### [WORK TASK]
What are the lines below, starting at the line containing "External packaging label" and ending at the line containing "best-running-shoes-for-men-guide-adidas-terrex"? Write them out exactly, ends included, without pictures.

### [DATA UNDER STUDY]
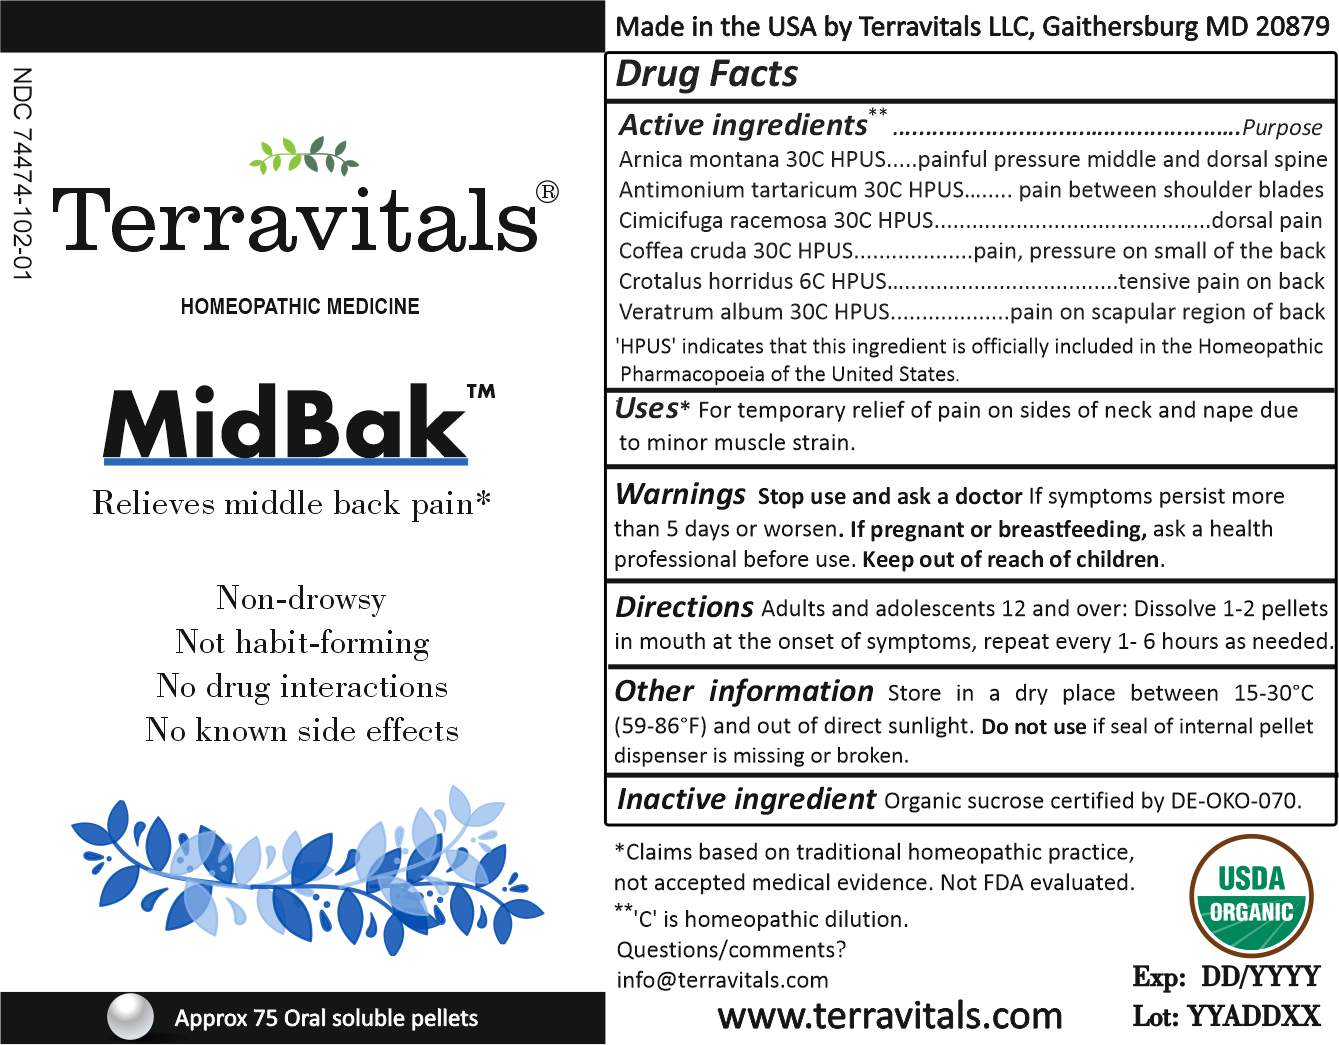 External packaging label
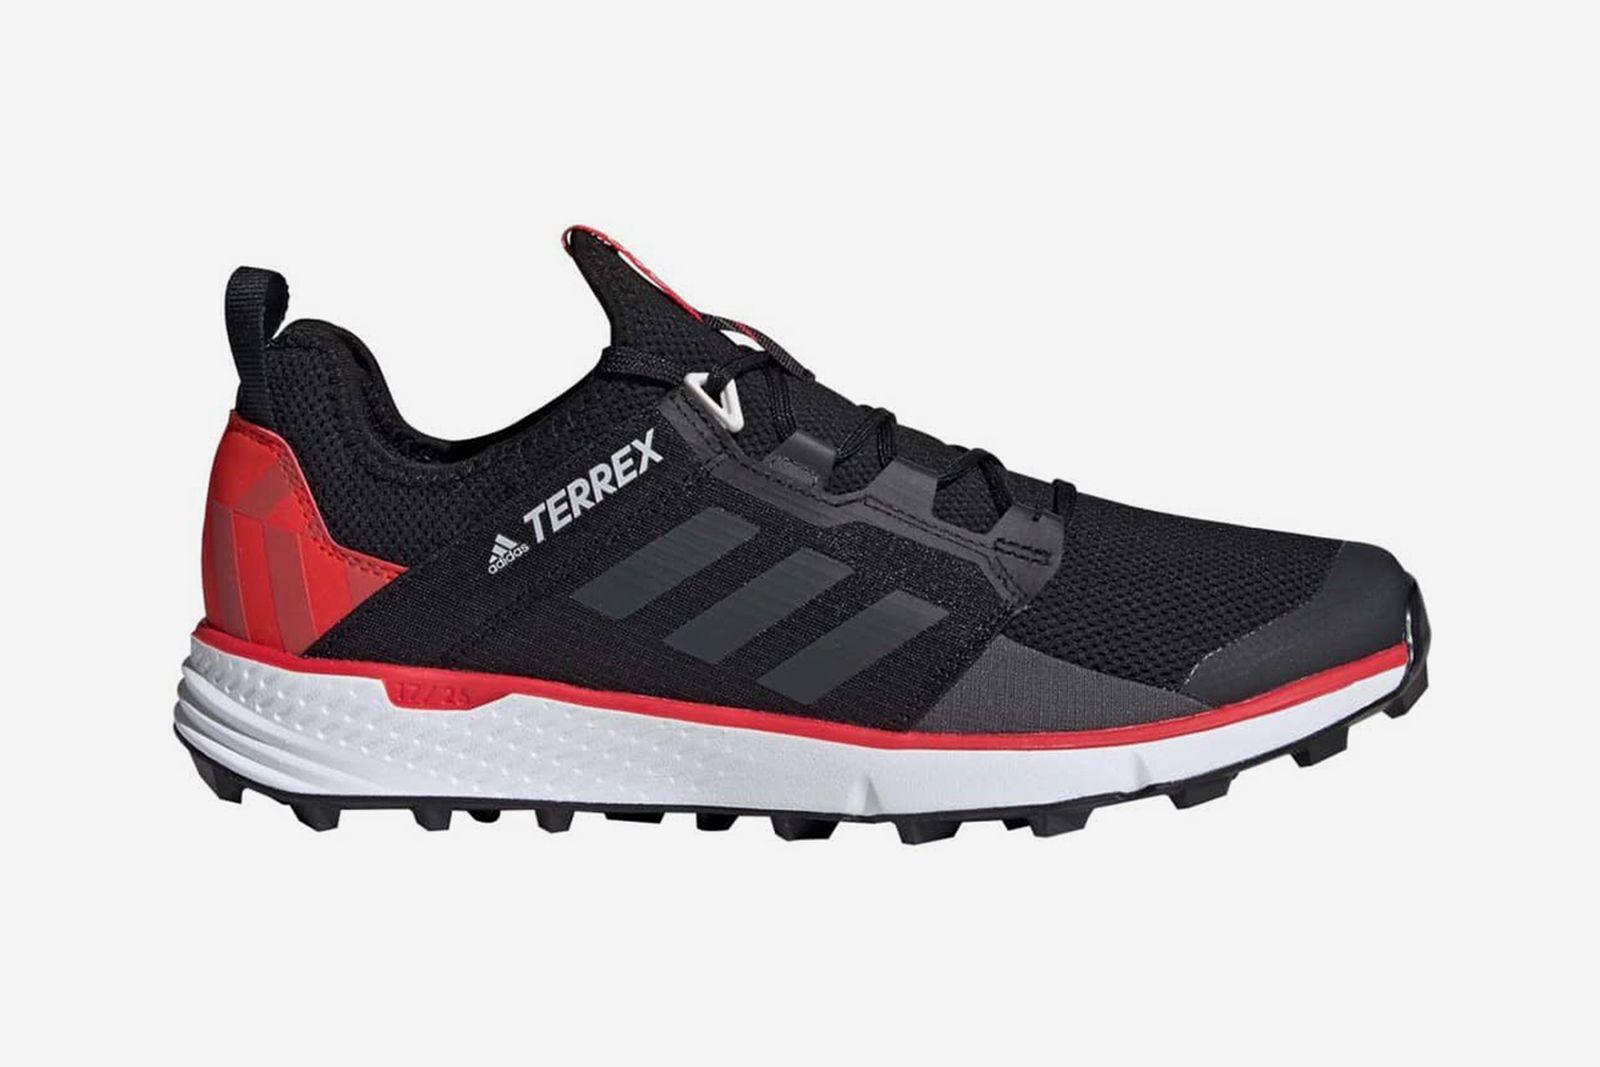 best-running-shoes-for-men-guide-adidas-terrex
* * *
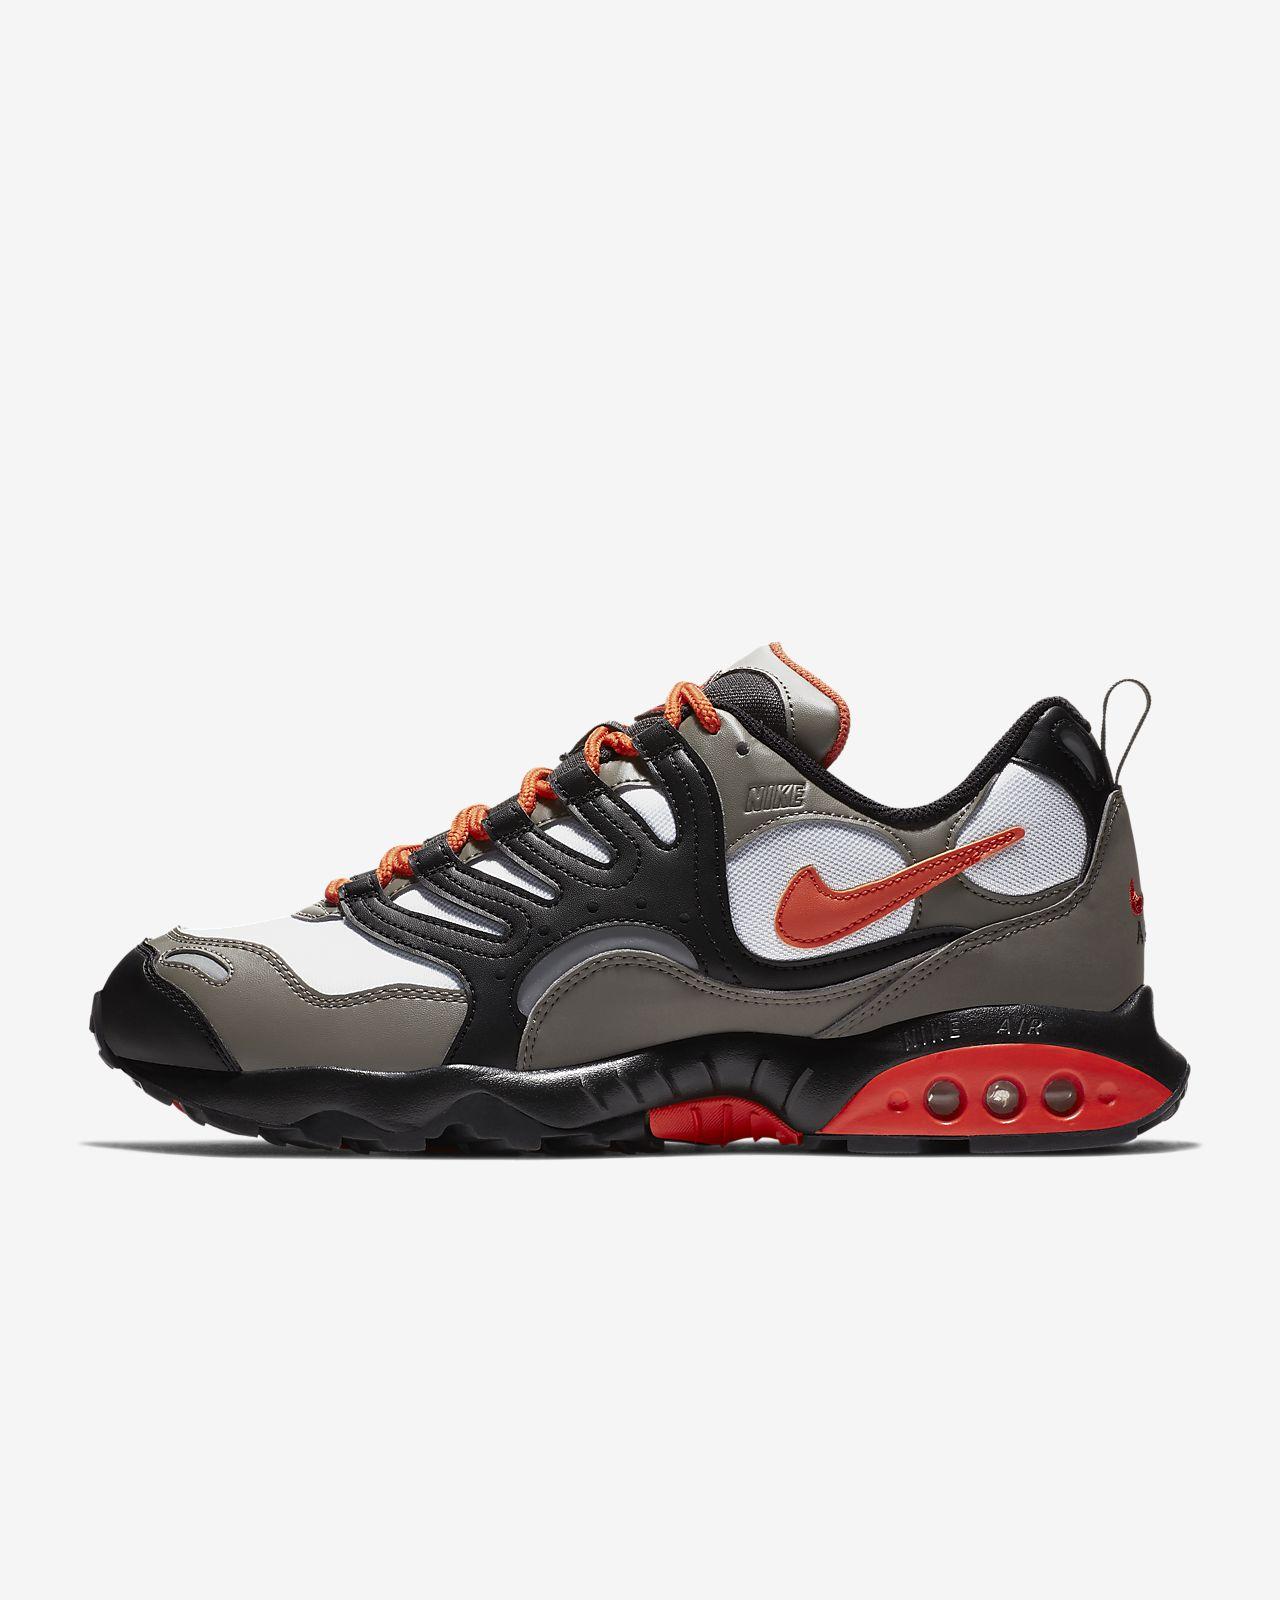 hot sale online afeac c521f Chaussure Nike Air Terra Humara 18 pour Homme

### [RESPONSE TO THE EXERCISE]
 External packaging label
 best-running-shoes-for-men-guide-adidas-terrex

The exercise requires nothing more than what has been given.